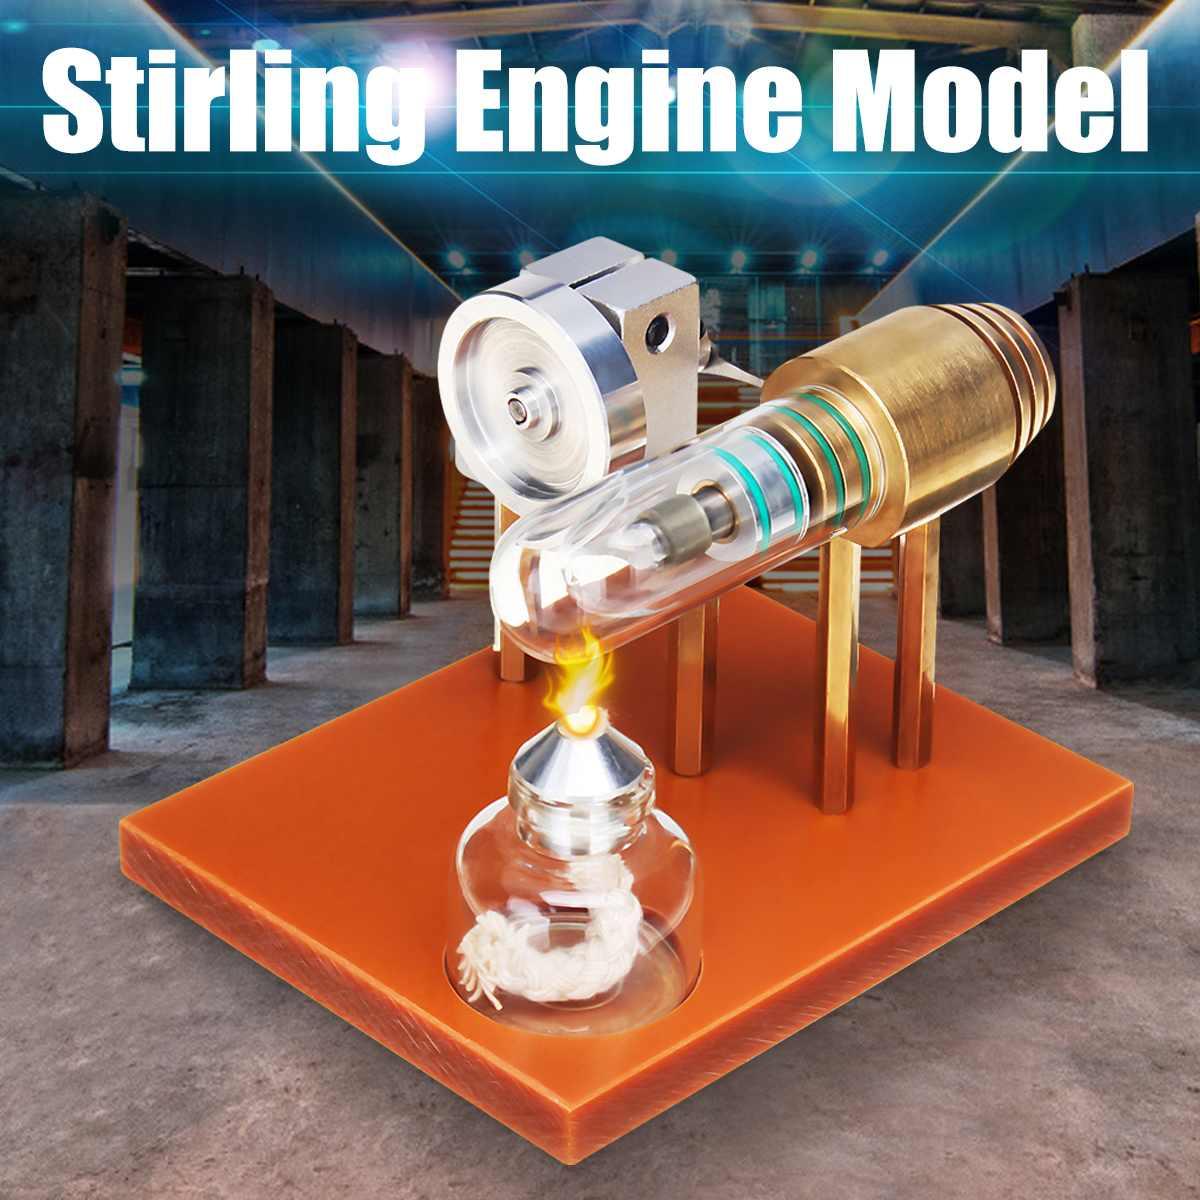 Mini modèle de moteur Stirling à Air chaud modèle d'expérience de physique de puissance de flux modèle de jouet de Science éducative pour les enfants
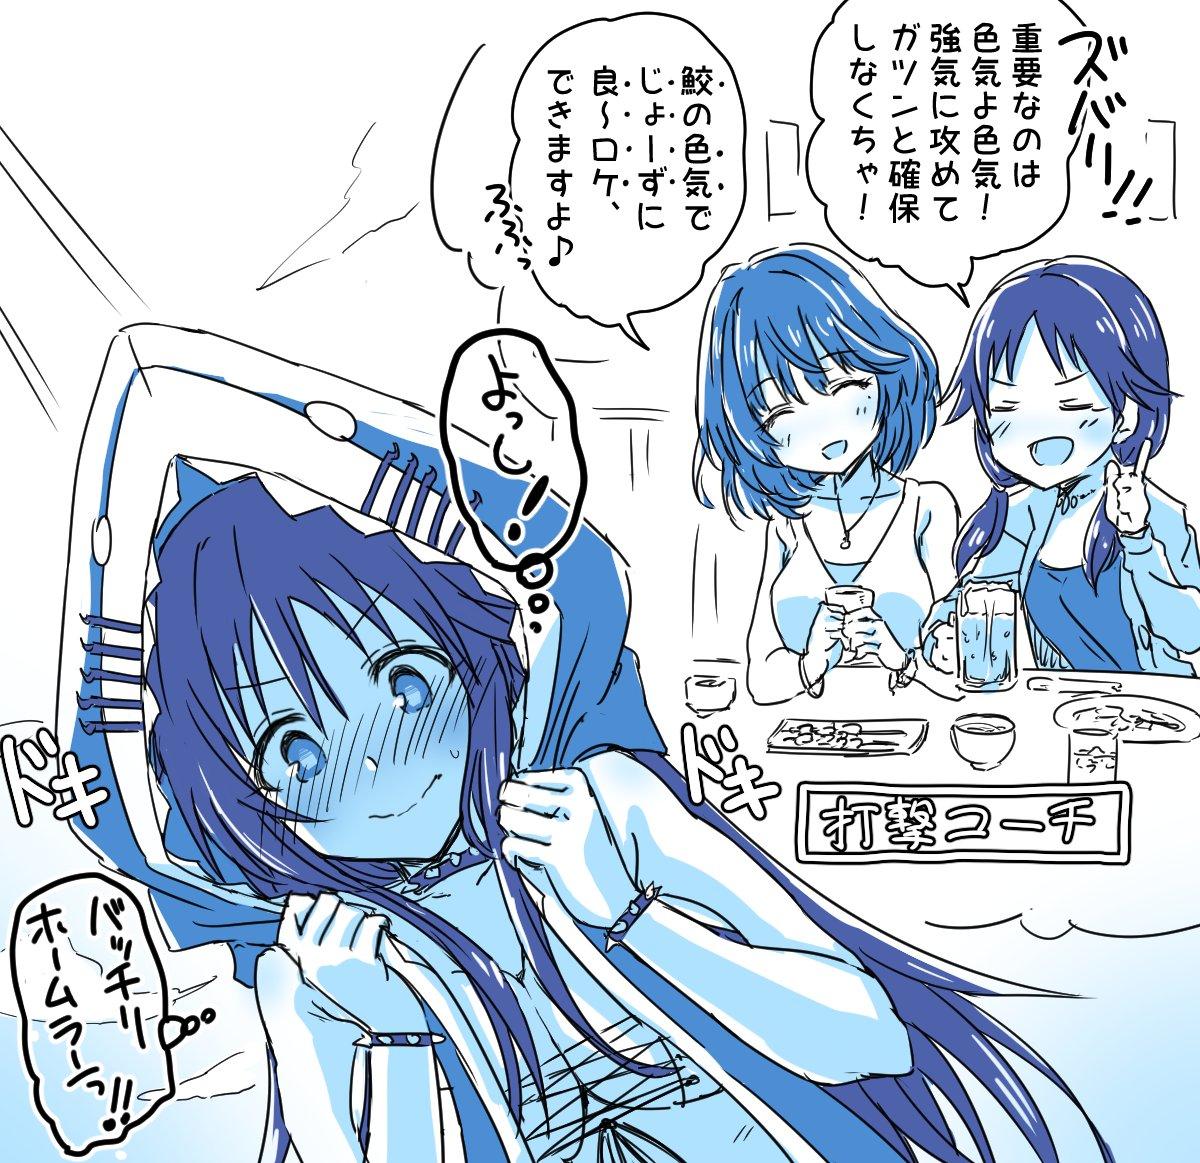 鮫姫川友紀のセリフ攻めすぎだったんで捏造
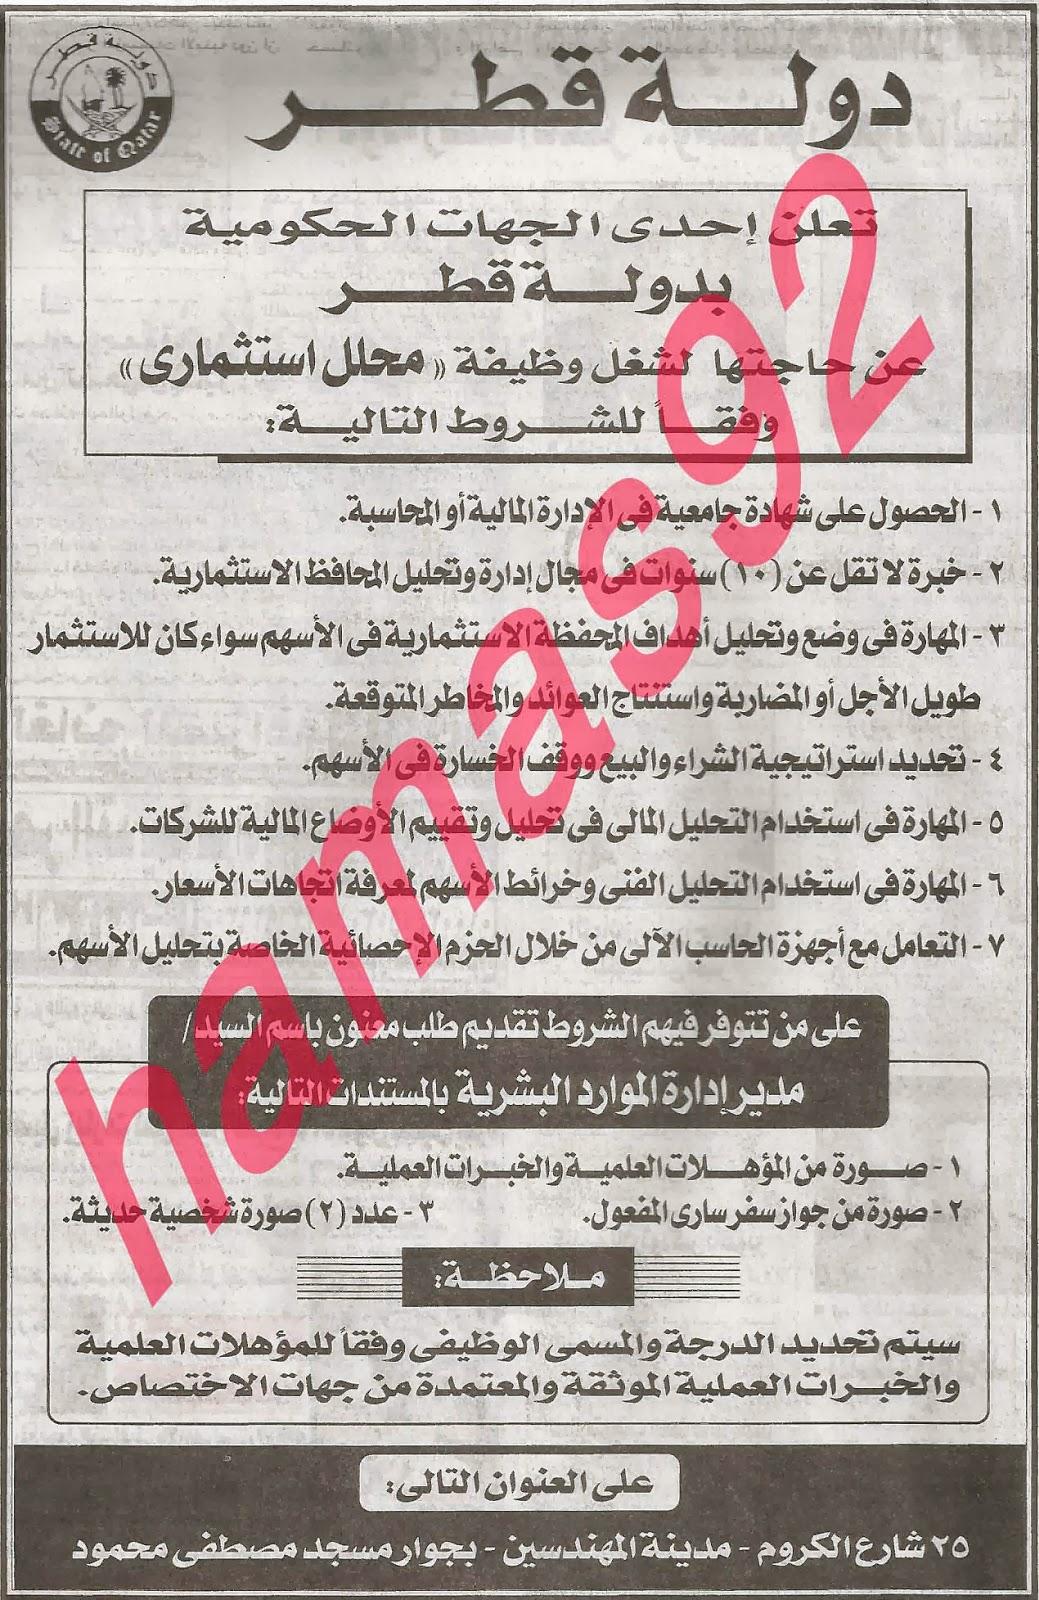 وظائف خالية مصر الخميس 3 اكتوبر 2013, وظائف جريدة الاهرام المصرية 3/10/2013
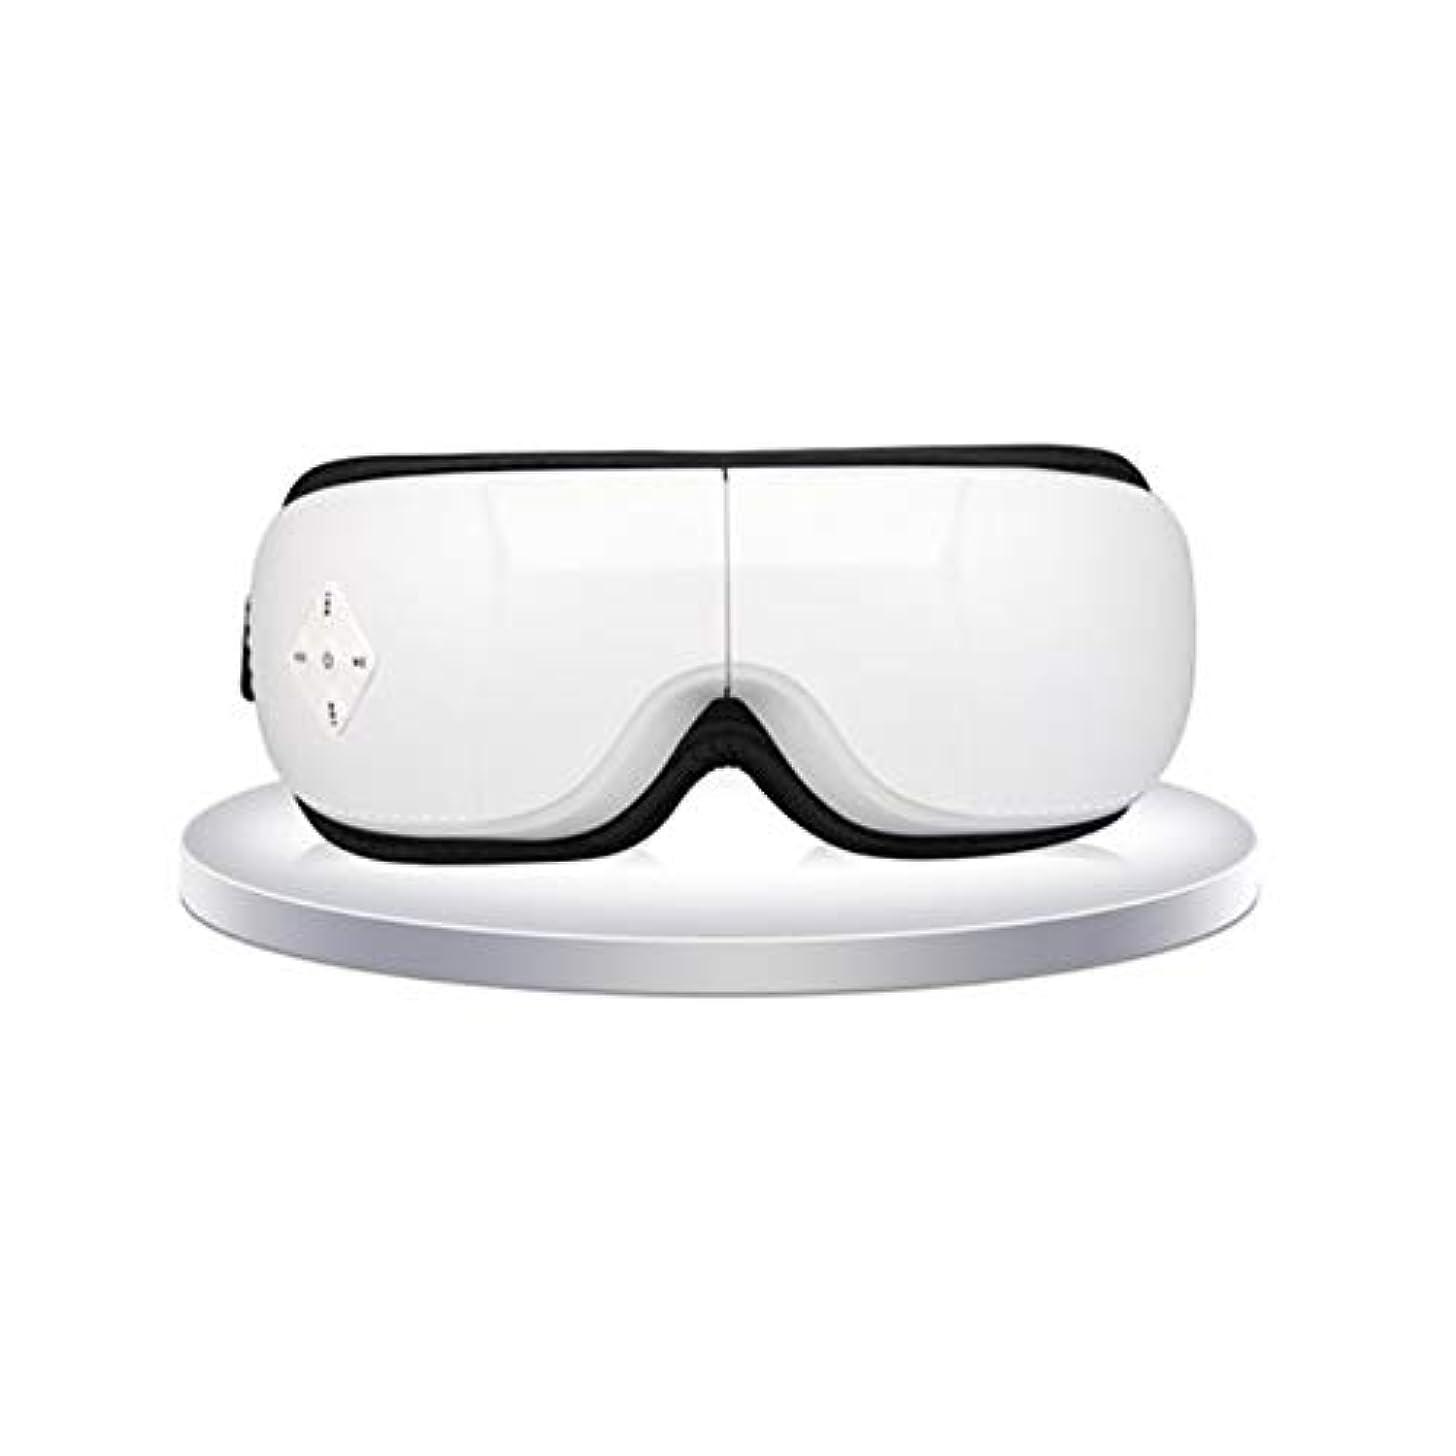 マッサージャーマッサージアイプロテクターホットアイマスク疲労緩和マッサージ (Color : White)

=== WHAT IS BEING ASKED ===
Leaving every image behind, repeat the data in full and exactly.

=== WRITTEN ANSWER ===
 Mini modèle de moteur Stirling à Air chaud modèle d'expérience de physique de puissance de flux modèle de jouet de Science éducative pour les enfants
 鮫姫川友紀のセリフ攻めすぎだったんで捏造
 وظائف خالية مصر الخميس 3 اكتوبر 2013, وظائف جريدة الاهرام المصرية 3/10/2013
 マッサージャーマッサージアイプロテクターホットアイマスク疲労緩和マッサージ (Color : White)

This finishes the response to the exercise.